So, once upon a time, as the story goes, a Queen of France (played by Jeanne Moreau) decided to set the record straight about her great, great grandmother and invited the brothers Grimm to her palace to tell them the "real" story of Cinderella. Drew Barrymore plays Danielle, the Cinderella of the tale, a girl whose mother has died and whose father remarries a Baroness (Anjelica Huston) with two daughters of her own. Shortly after the marriage, the father dies, leaving Danielle in the care of the stepmother.

The story is familiar and continues in the Cinderella tradition, but it substitutes natural events for the supernatural ones in the traditional children´s version. Of course, there is a handsome young prince (Dougray Scott), the expected sibling rivalry, and the wickedness of the stepmother.
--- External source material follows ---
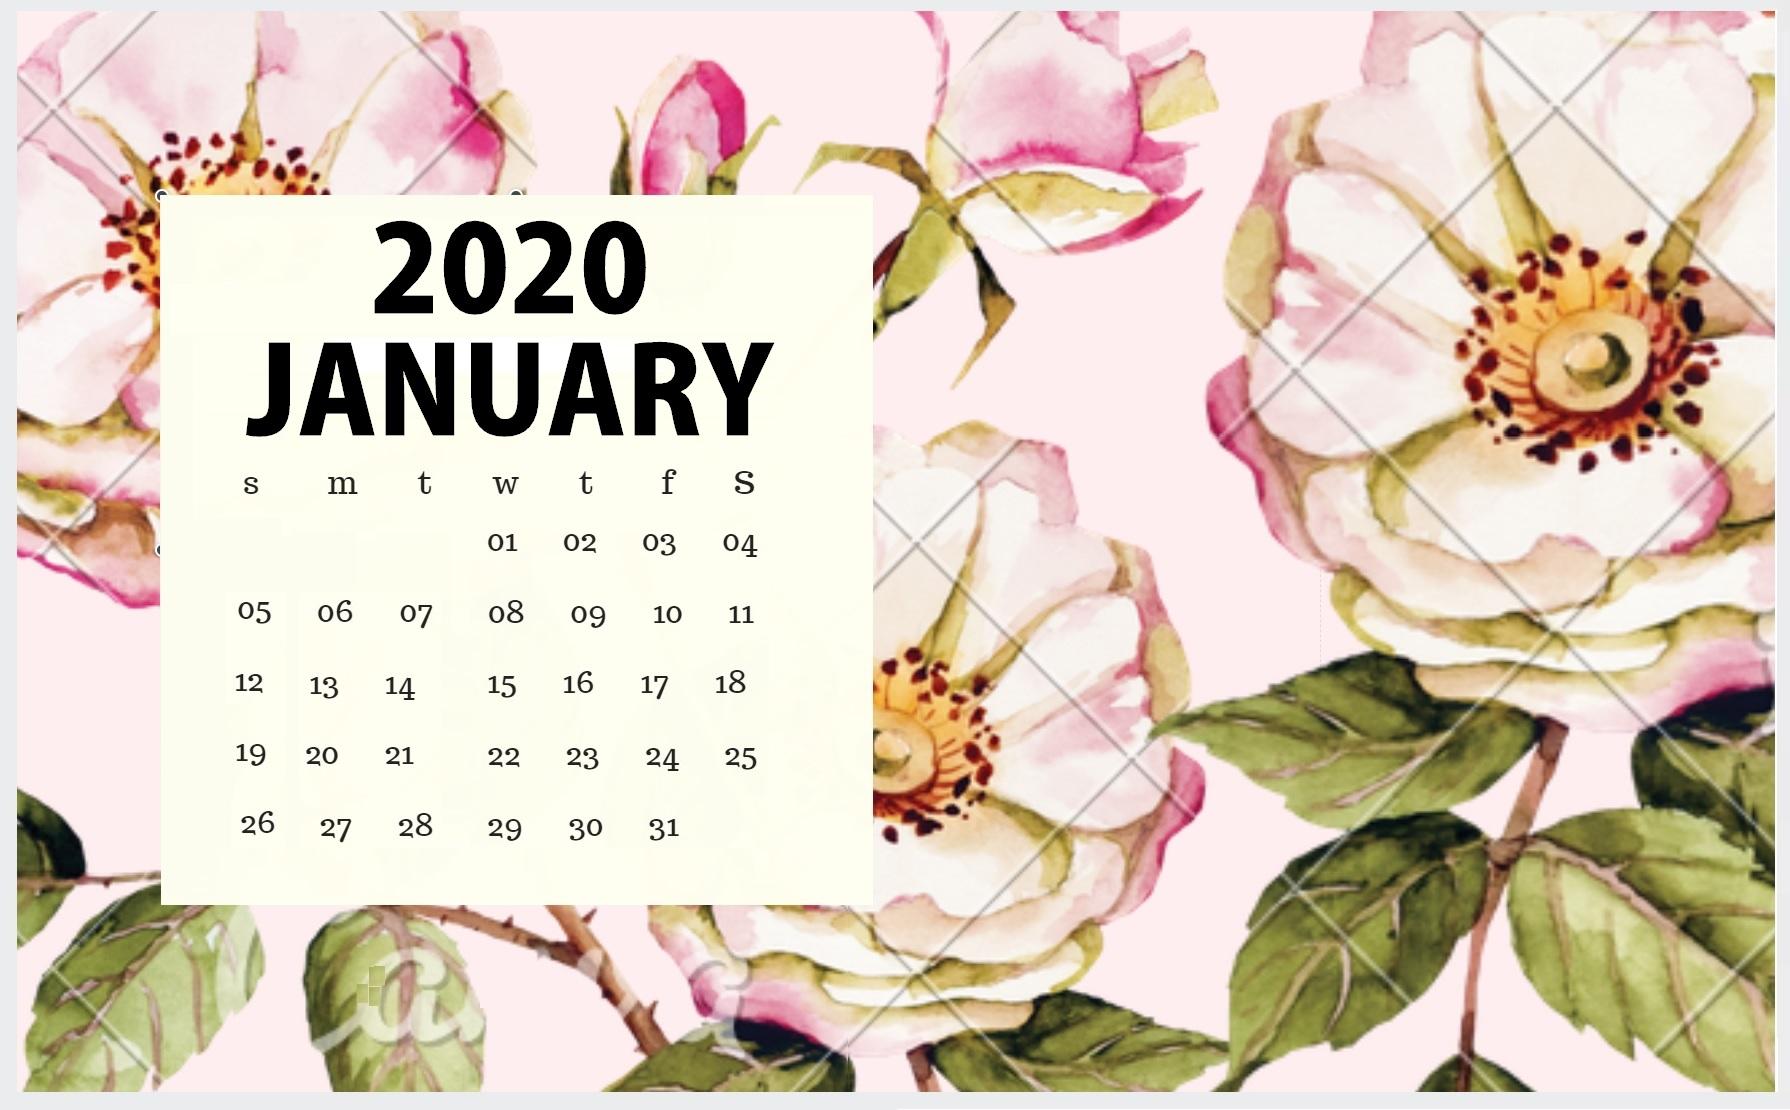 Floral January 2020 Desktop Calendar Wallpaper

But there are changes. There are far more complications leading up to the night of the ball. Leonardo da Vinci steps in for the fairy godmother. There are no magic pumpkins. But it´s of no matter. The story is more beguiling for its greater realism.

Drew Barrymore is surprisingly perfect as the downtrodden heroine forced to wait hand and foot upon her stepmother and stepsisters. She is spunky, intelligent, and independent, slightly tomboyish yet lovely and feminine as well. She is, in fact, a modern woman well ahead of her time as she clearly demonstrates with her progressive thinking throughout the film. She suggests, for instance, that the king should use the royal treasury to build universities for his people, a notion that does not go down easily in a royal household.

Anjelica Huston as the wicked stepmother is more than a cardboard villain. She conveys a sense of menace, yes, but with a touch of humanity, also, as though she were truly sorry for the being the evil character she is. Dougray Scott as Prince Henry is appropriately dashing, yet he, too, is seen in more than a single light. He is arrogant, a bit snobbish, born to wealth and power but with a longing to be something more substantial in life than a rich, idle onlooker.